Hegel’s first positive and systematic expression of the philosophical significance of philosophical history is found in his Phenomenology of Spirit. Based on the idea of the dialectical movement of Spirit and its externalization, Hegel concretely presented the diverse shapes of consciousness—that is, the process of starting from natural consciousness, passing through its path of doubt, despair, and Bildung [7], and ascending to absolute knowledge. Hegel abandoned the ahistorical view of philosophy from his early Jena period and turned instead to study the modes of Spirit presented in history. Hegel’s view here points directly to a core insight of his philosophy: Spirit signifies a historical process moving toward self-knowledge, and this process as a whole constitutes truth. Thereby, Hegel systematically expressed the intellectual exploration of the "history of self-consciousness" found in post-Kantian philosophy.
Can it then be said that Hegel’s "Phenomenology of Spirit" is the first expression of his doctrine of the history of philosophy? Although the different shapes of consciousness presented by Hegel can be more or less associated with specific doctrines in the history of philosophy, what Hegel called the "experience of consciousness" does not directly correspond to the "history of philosophy." The historicity of the former signifies the dynamics of Spirit itself, while the latter lies in specific doctrines within an empirical-spatiotemporal context. More importantly, looking at the overall plan of Hegel’s philosophical system, the positioning of the Phenomenology of Spirit is as the "Introduction" to the system of science; its core lies in revealing the process of the Bildung of consciousness to arrive at the standpoint of absolute knowledge. Only at the end of the Phenomenology does consciousness transcend certainty and its split from the object, pointing toward the logical starting point of the system of science—the identity of thought and being. From this, it is evident that Hegel’s discussion of the relationship between philosophy and its history during this period was particularly complex: on the one hand, by developing the doctrine of the dialectical movement of Spirit, Hegel philosophically presented the continuity of different modes of Spirit appearing in history. In this sense, different ideologies were not a series of accidental events, but belonged to the necessary process of Spirit moving toward self-knowledge. Hegel thus provided the theoretical preparation for thinking about the history of philosophy in a philosophical sense. But on the other hand, the domain of the Phenomenology lies in "appearing knowledge," "a path of natural consciousness toward true knowledge"; the historicity of Spirit as phenomenon does not overlap with the historicity of truth unfolding as a scientific system.

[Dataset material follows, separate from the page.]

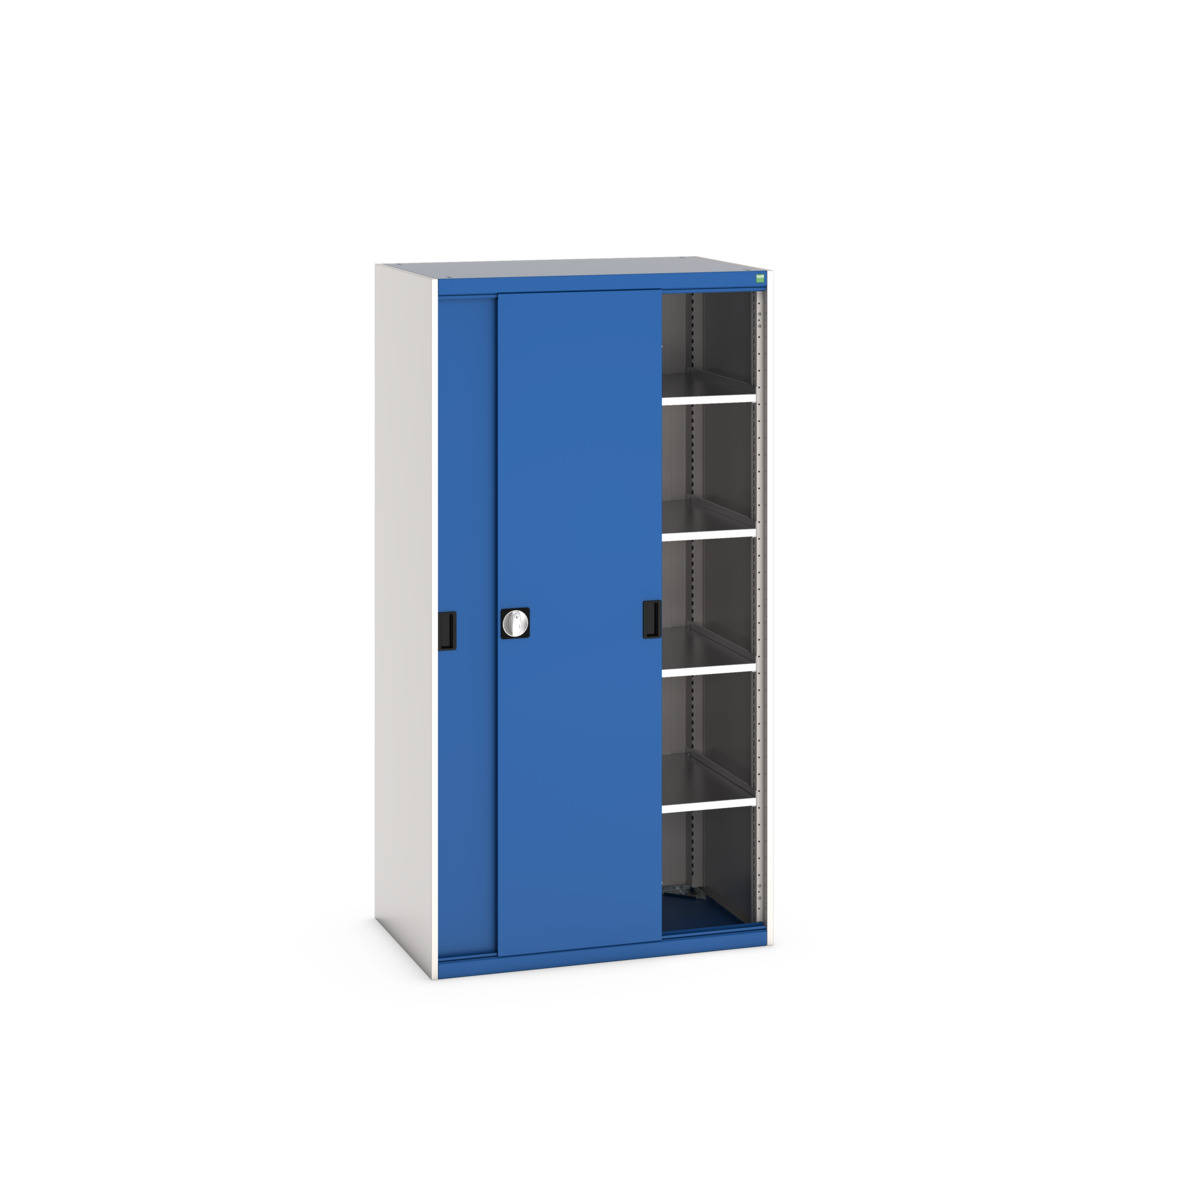 40021141.11V - cubio cupboard

Regarding the intrinsic connection between the 1807 Phenomenology of Spirit and Hegel's philosophical system, it has long been a focal point of scholarly debate; due to space constraints, this article will not delve deeply into it for the time being. At the very least, it is clear that because Hegel subordinated the phenomenology of spirit to the introduction of the system, he weakened the philosophical significance of the various configurations [8] manifested by the externalization of Spirit within history. The movement of Spirit toward self-knowledge displayed in the book is less the final answer of Hegel’s theory of the history of philosophy than a provisional scheme in his intellectual evolution.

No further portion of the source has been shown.